You are quite right that the question of when and how individuals may be deprived consequentially of rights that are otherwise inalienable is tricky philosophical terrain.


----------



## Liberty Ship (Jan 26, 2006)

I'm going to throw in with Friedrich Schiller on this one. In addition to providing the lyrics to the fourth movement of Beethoven's 9th Symphony, "Ode to Joy," he wrote the play, "Wilhelm Tell," which helped modern civilization define the relationship between the individual and the State. These people had already tried "trusting their government."

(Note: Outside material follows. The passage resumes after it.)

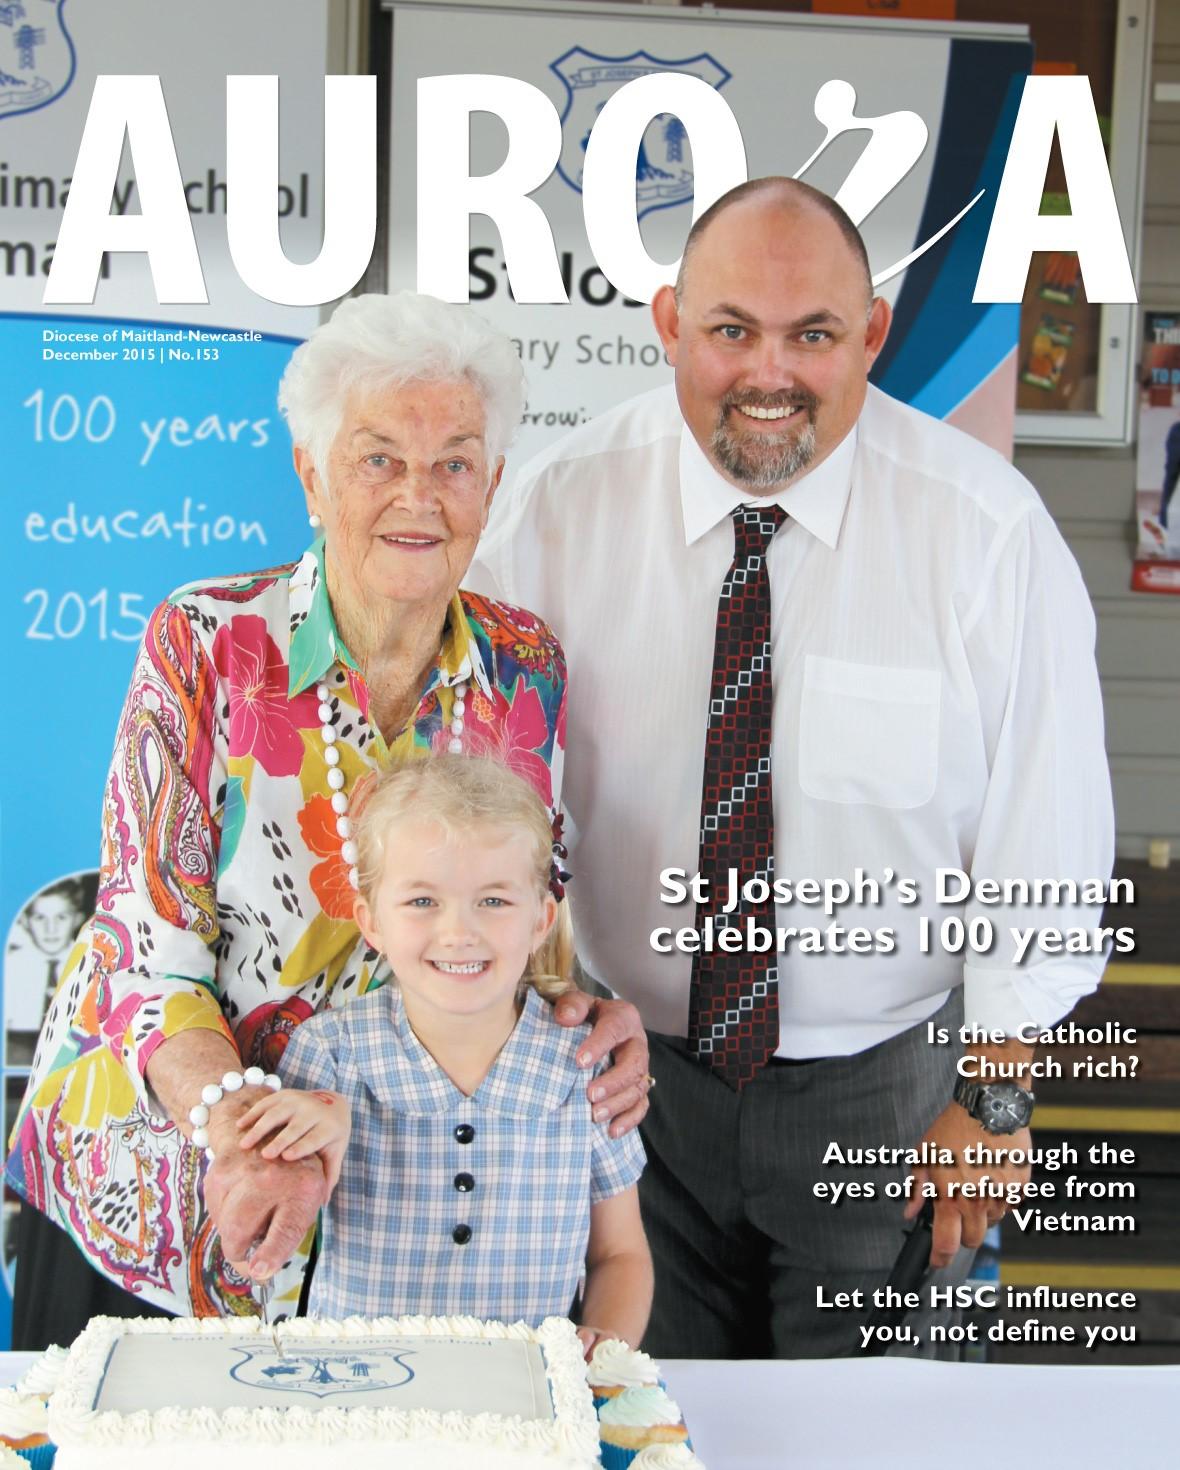 Aurora December 2015 Cover Image

In it, there is what I consider to be a brilliant passage in which Stauffacher spells out how the right to defend ones self and others by means of "the sword" is handed down from heaven: 

Yes! there's a limit to the despot's power!
When the oppressed looks round in vain for justice,
When his sore burden may no more be borne,
With fearless heart he makes appeal to Heaven,
And thence brings down his everlasting rights,
Which there abide, inalienably his,
And indestructible as are the stars.
Nature's primeval state returns again,
Where man stands hostile to his fellow-man;
And if all other means shall fail his need,
One last resource remains—his own good sword.
Our dearest treasures call to us for aid
Against the oppressor's violence; we stand
For country, home, for wives, for children here!


----------



## drlivingston (Jun 21, 2012)

Earl of Ormonde said:


> so let's suppose for starters that self-defence is a civil right stipulated by law, well then, when someone is sentenced to death wouldn't they be entitled to defend themselves and prevent execution of the death sentence at all costs, their self-defence being a civil right?

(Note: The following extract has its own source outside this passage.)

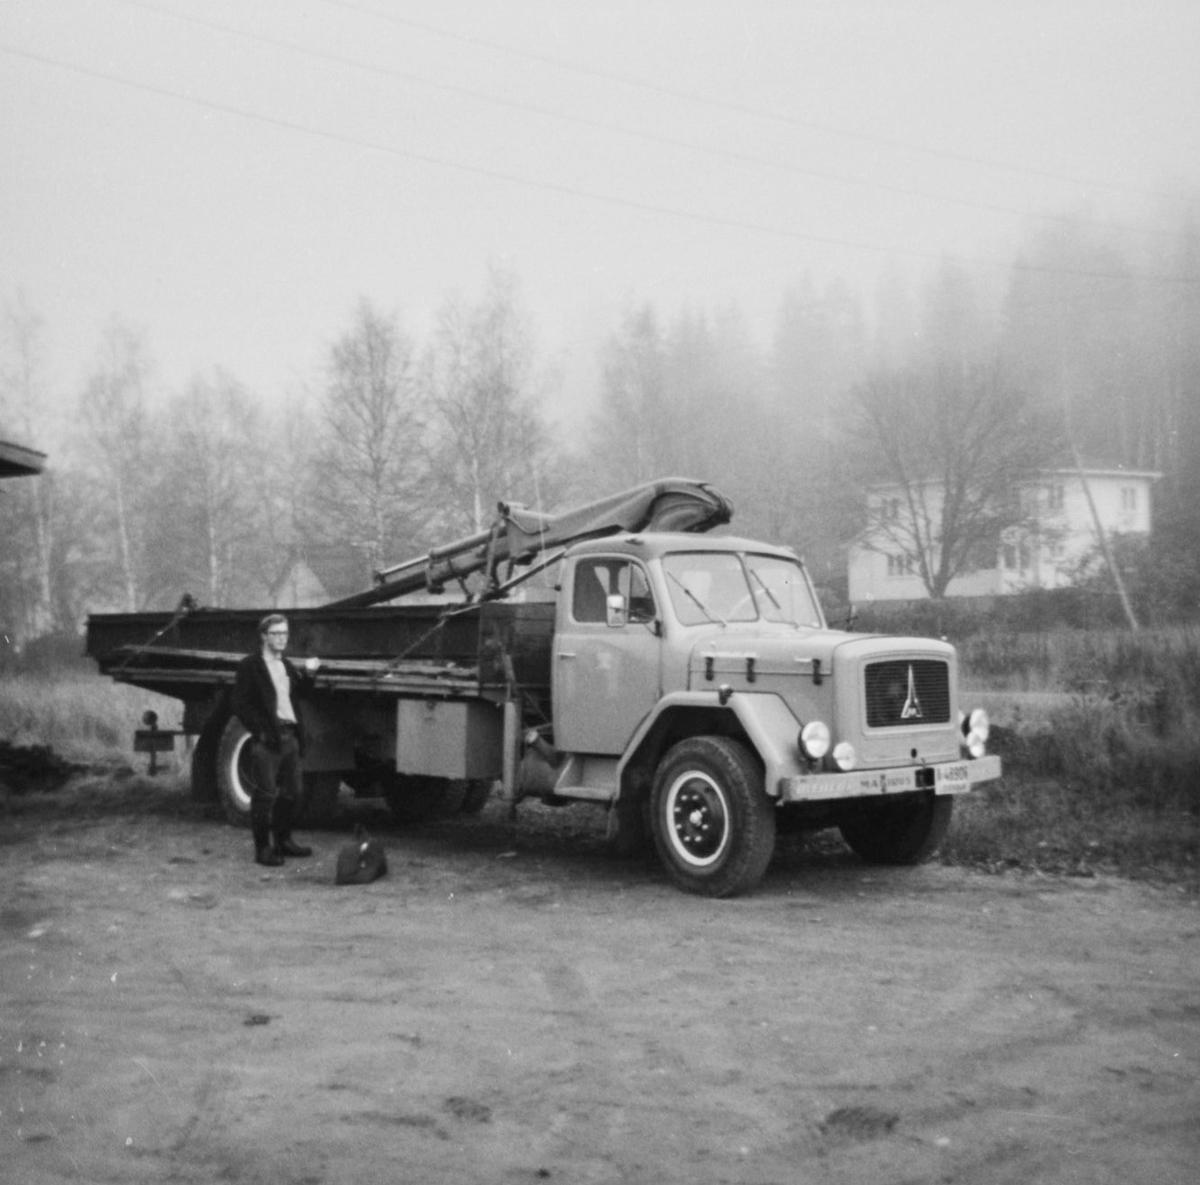 Driftsingeniør Olaf Wiegels foran lastebil som ble benyttet til transport av skinnemateriell m.v. fra Skulerud til museumsbanen på Sørumsand.

So, are you more in favor of lions or gladiators?


----------



## blairrob (Oct 30, 2010)

Earl of Ormonde said:


> I'm taking as my start point a few similar comments that were made a few times in the guns thread "the right to self-defence" "the civil right to defend oneself" "the human right to self-defence" and so on.
> 
> These ARE NOT civil or human rights they are far more fundamental than that. A right indicates some socio-cultural involvement and some legislative decision.
> 
> ...


It seems to me _rights enshrined in law are abrogated by one convicted of violating those laws_. As the arbiter in a civil society it then falls upon the justice system to enforce the penalities prescribed by the civil authorities. By choosing to live in this particular society the violator is bound to follow such laws. They have the option to leave to find a society more in tune with their beliefs or campaign for amendments to the societies laws and structures.


----------



## Earl of Ormonde (Sep 5, 2008)

blairrob said:


> It seems to me _rights enshrined in law are abrogated by one convicted of violating those laws_.


That is how most States work yes, but my Q is more about the moral or ethical grounds a State has for doing that. Today it is just accepted that a State can "break" all of its own laws when dealing with, detaining, imprisoning and executing criminals. You see the problem? Think of Guantanamo, for example, which incurred the wrath of many States all over the world.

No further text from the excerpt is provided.